◆ **DATA EXCERPT**:
****************************************
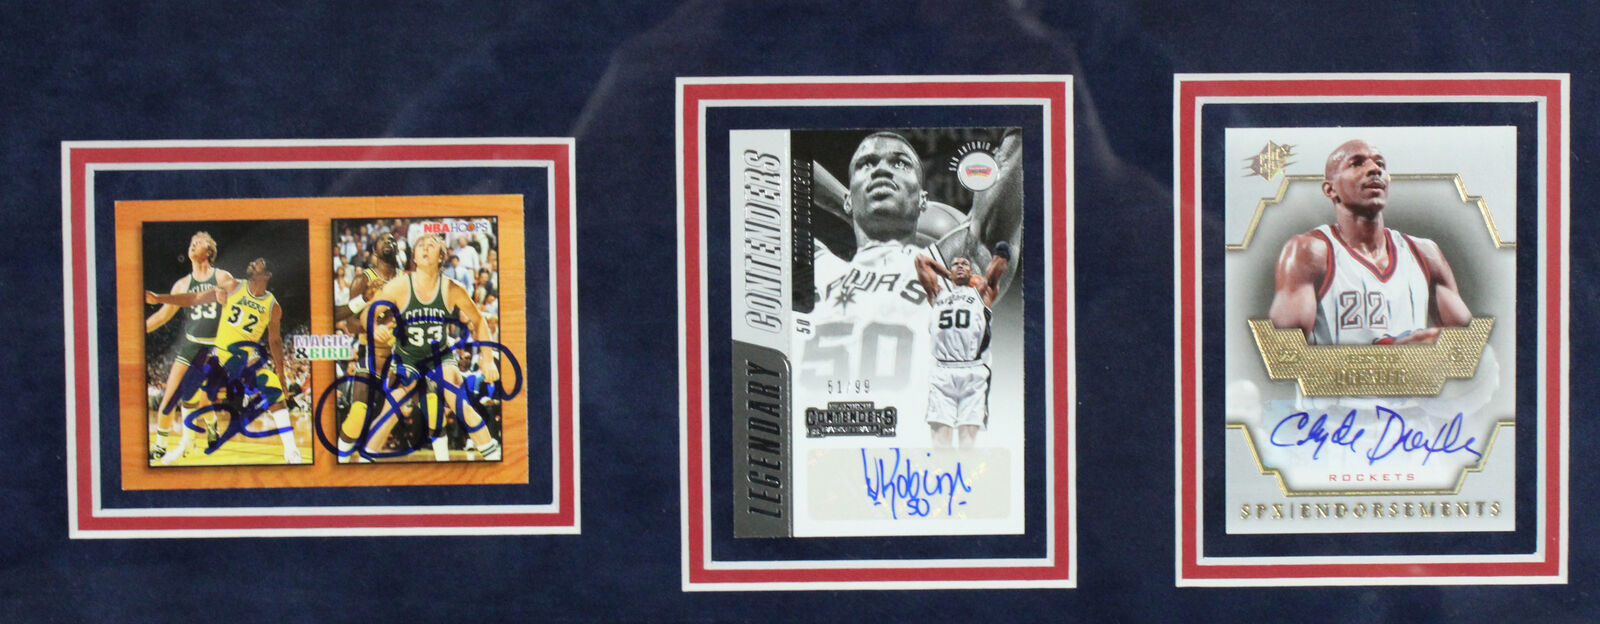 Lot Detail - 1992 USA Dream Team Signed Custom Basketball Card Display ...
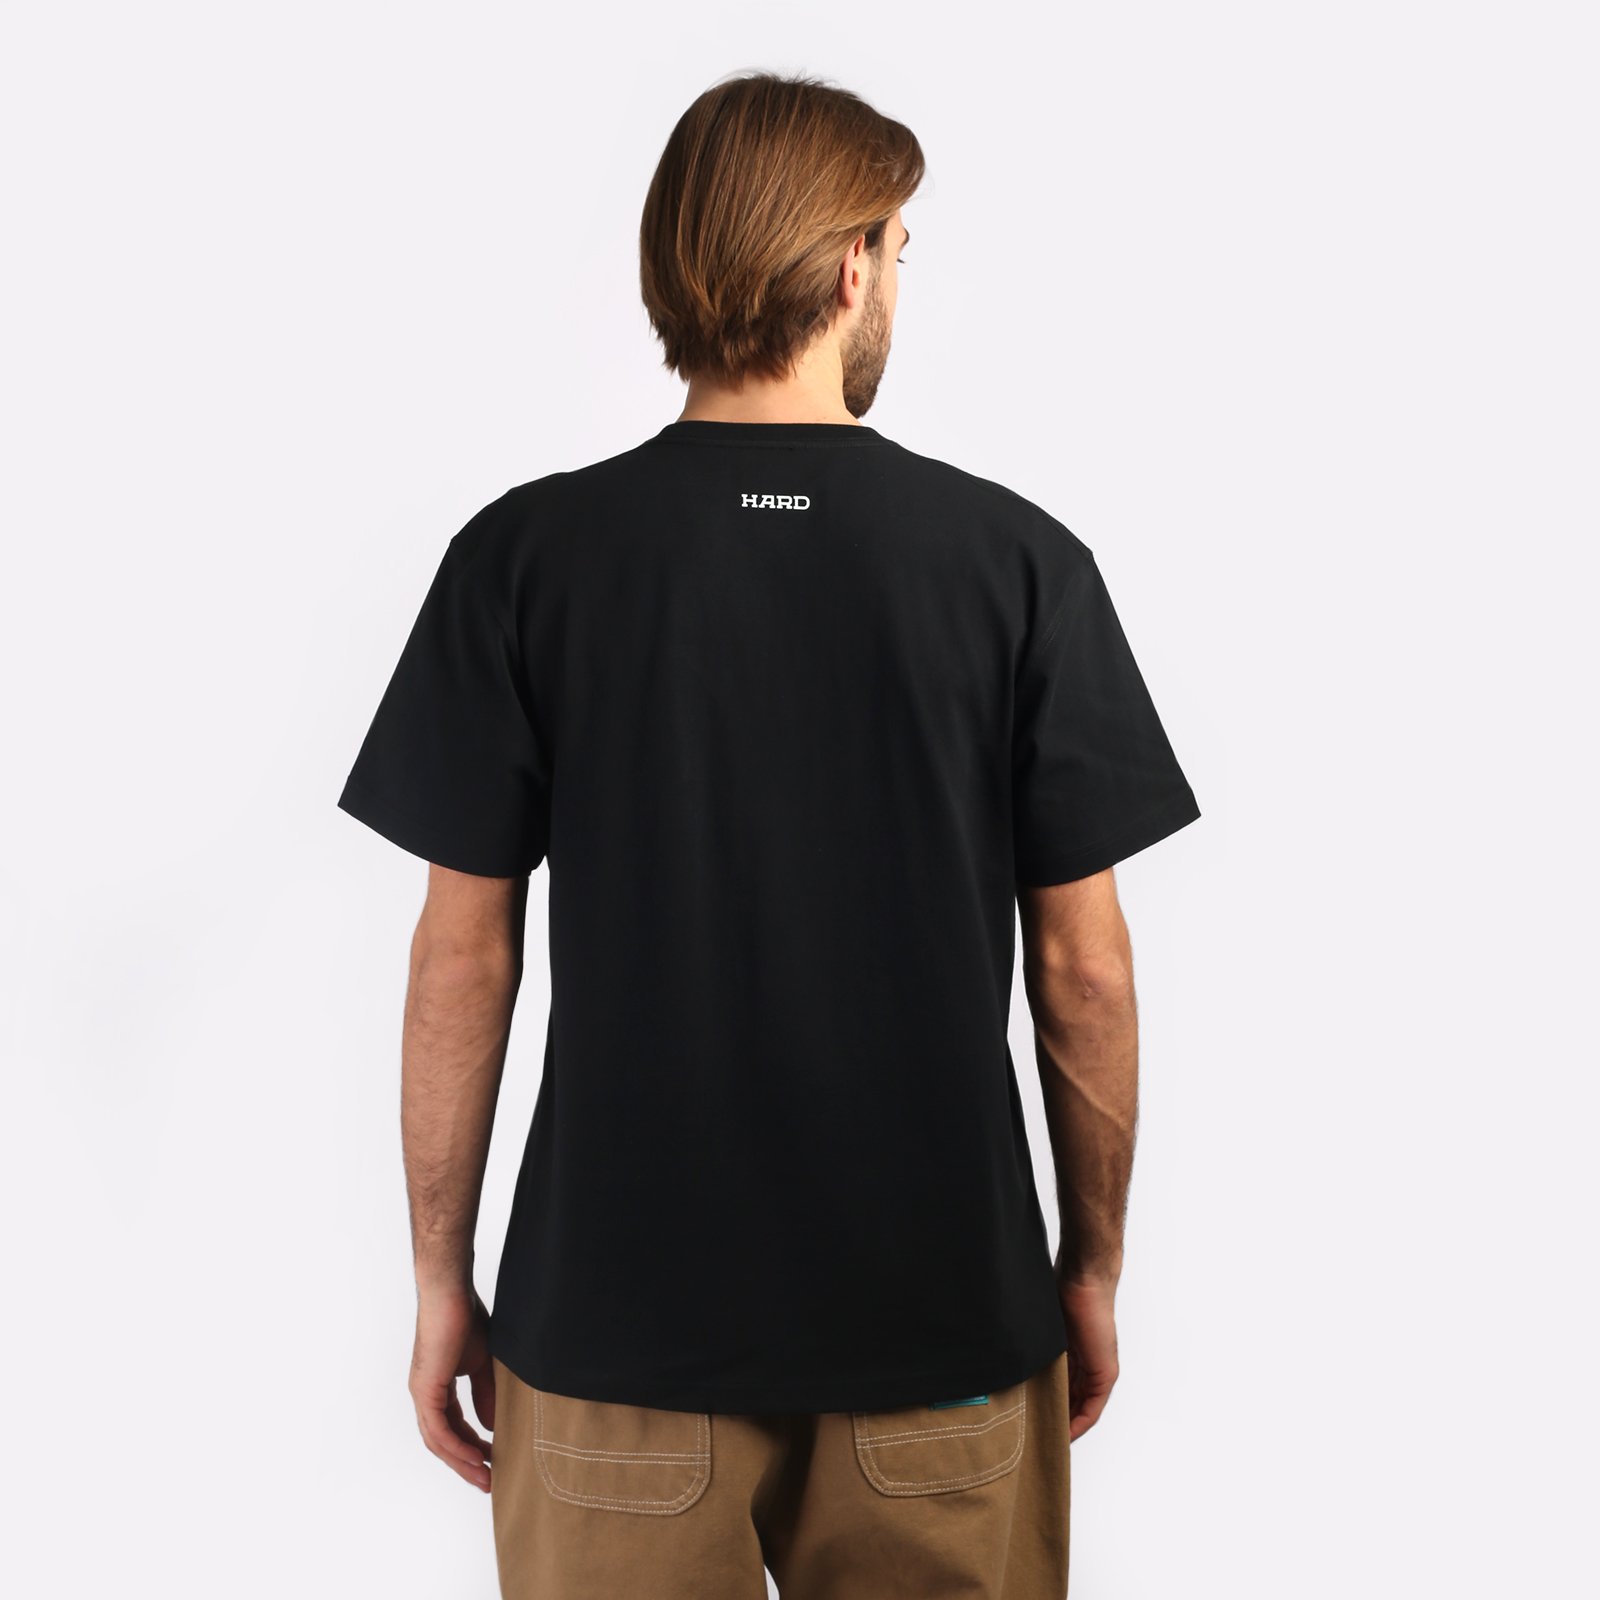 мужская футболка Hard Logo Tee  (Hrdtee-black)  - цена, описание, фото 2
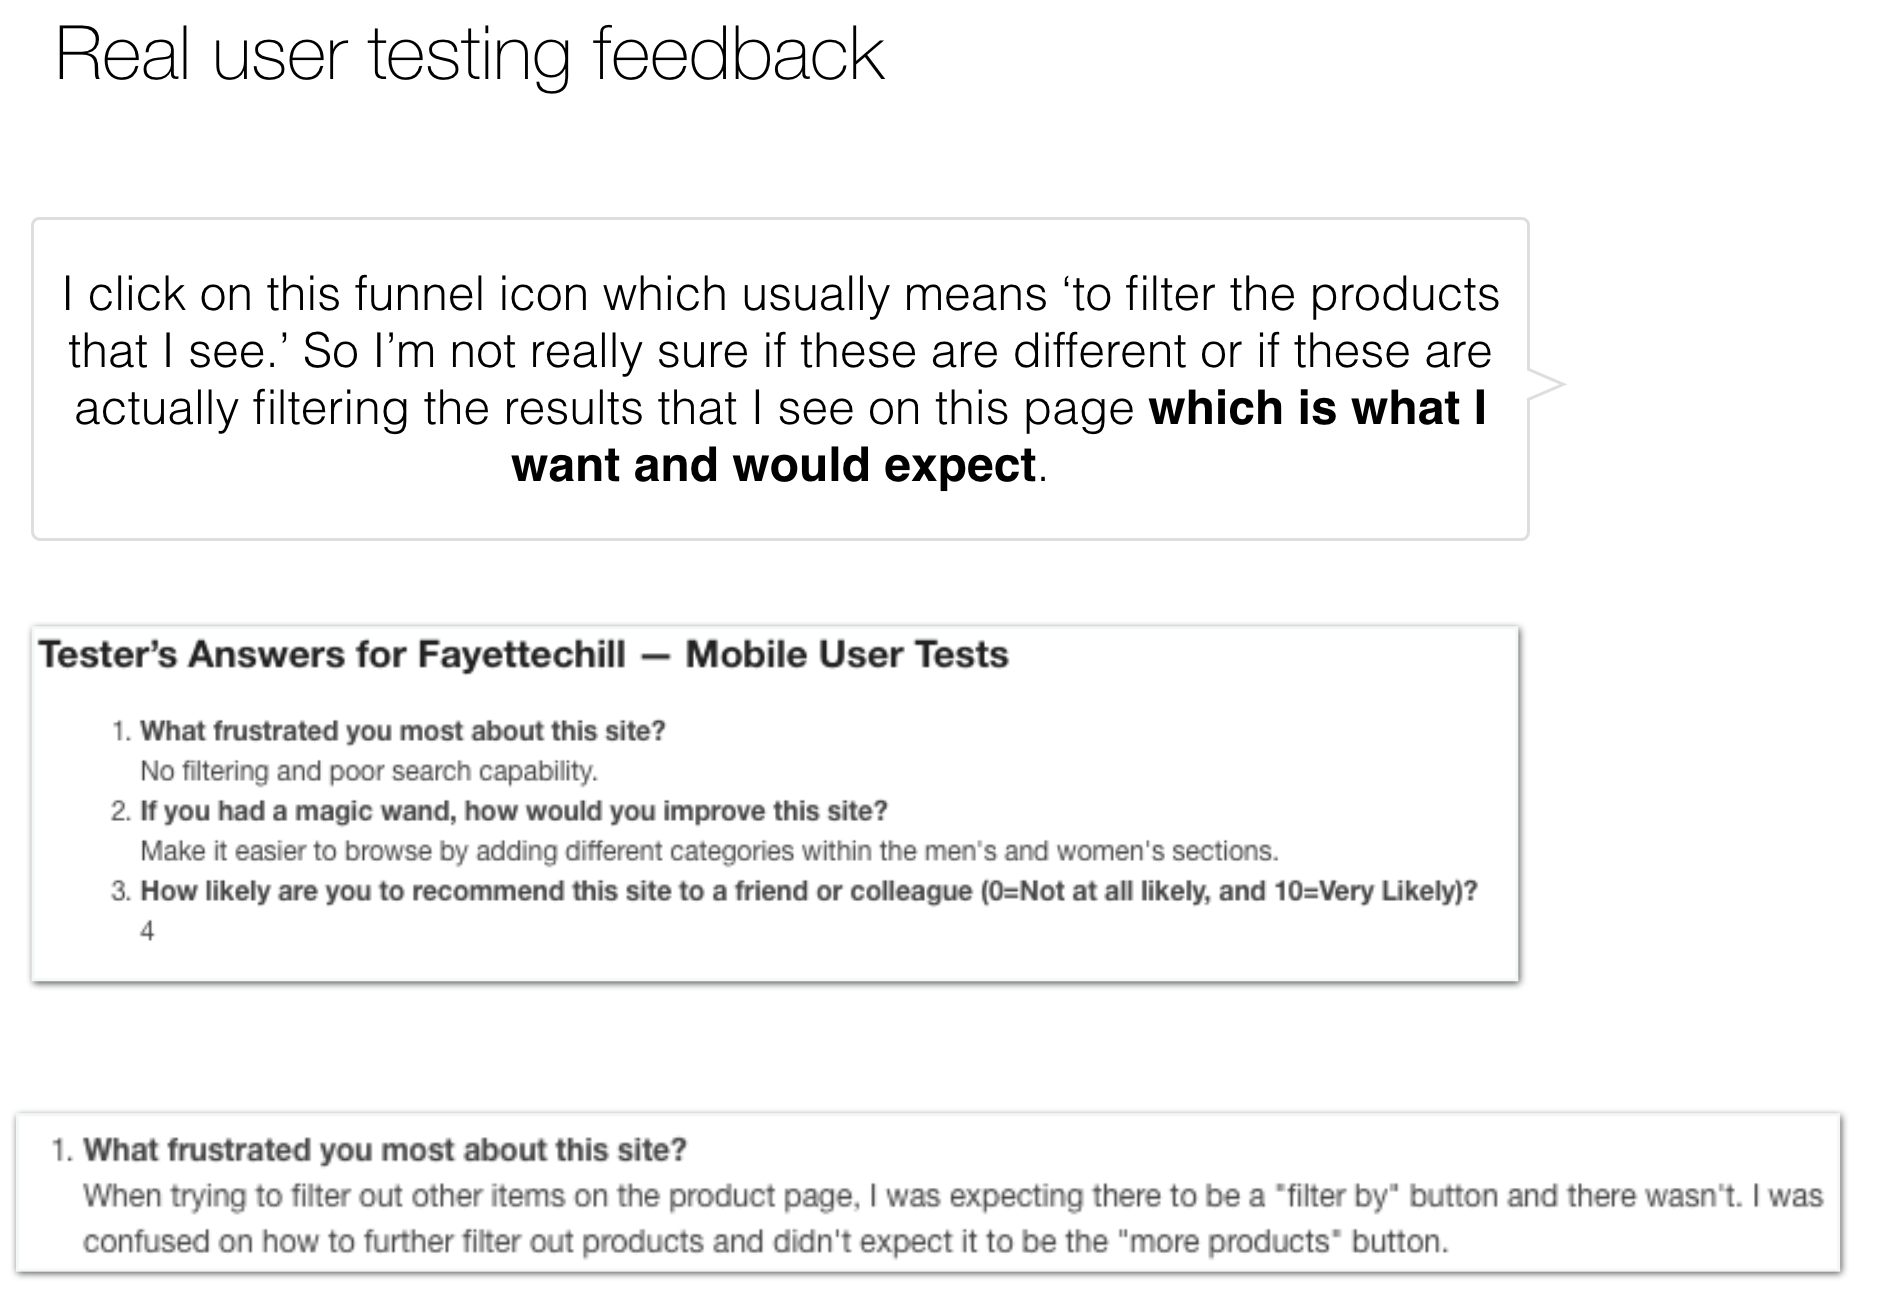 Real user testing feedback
****************************************
◆ **WORK INSTRUCTIONS**: Repeat the material above verbatim. Leave the pictures behind.

◆ **YOUR RESPONSE**:
 Lot Detail - 1992 USA Dream Team Signed Custom Basketball Card Display ...
 мужская футболка Hard Logo Tee  (Hrdtee-black)  - цена, описание, фото 2
 Real user testing feedback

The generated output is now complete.